Fast erschrocken, mit weit aufgerissenen Augen starrte sie mich vorwurfsvoll an, ohne eine Antwort zu geben.
Bei diesem ganzen schweigsamen Aufpassen, ging es offenbar gar nicht darum sich ein Bild von der Weltlage zu machen. Es ging um eine einzige sehnliche Erwartung. Die Meldung des Kriegsendes.
Die Nachrichten des SDA wurden während des Weltkrieges eingeführt. Ich hoffte fest, dass sie in Friedenszeiten wieder abgeschafft würden. Welch ein Irrtum!
Heute im tiefsten Frieden werden wir lawinenartig mit Nachrichten zugedeckt. 24 Stunden im Tag, sieben Tage die Woche.

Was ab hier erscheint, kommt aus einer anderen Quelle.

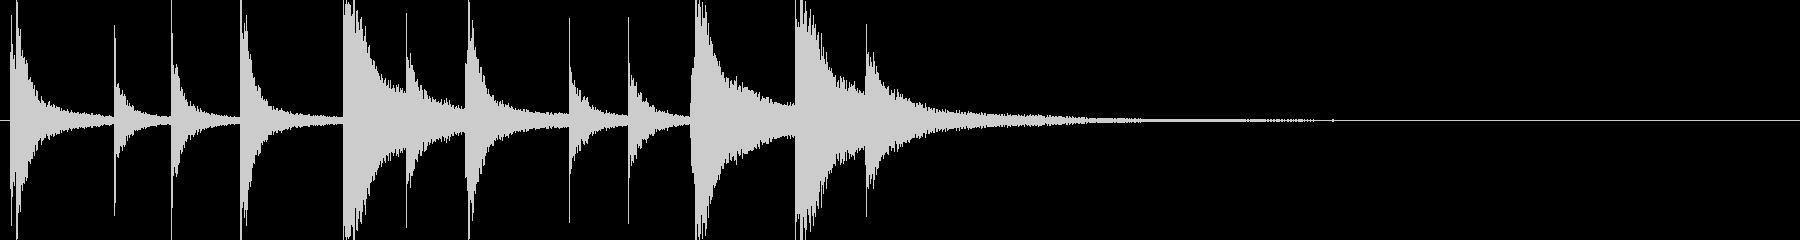 ドラム/ティンバレス フィルイン 26の未再生の波形

Zwanzig Sekunden nachdem der Vulkan Sinabungin in Indonesien ausgebrochen ist, wissen wir in Europa davon. So wie der Rhein ständig Wasser aus den Bergen herbeibringt, fliesst ein ununterbrochener Nachrichtenstrom an uns vorbei. Und die Zeit ist ihr ständiger Begleiter. Mit einer Genauigkeit von Abweichungen im Nanosekundenbereich.
In der Mitte des letzten Jahrhunderts genügten uns 15 Minuten Nachrichten pro Tag und eine Ganggenauigkeit der Uhr von einigen Minuten, um den Alltag zu meistern.
Tante Grety lebt heute nicht mehr. Ich kann sie leider nicht fragen, was heute wohl die wichtigste Nachricht gewesen wäre.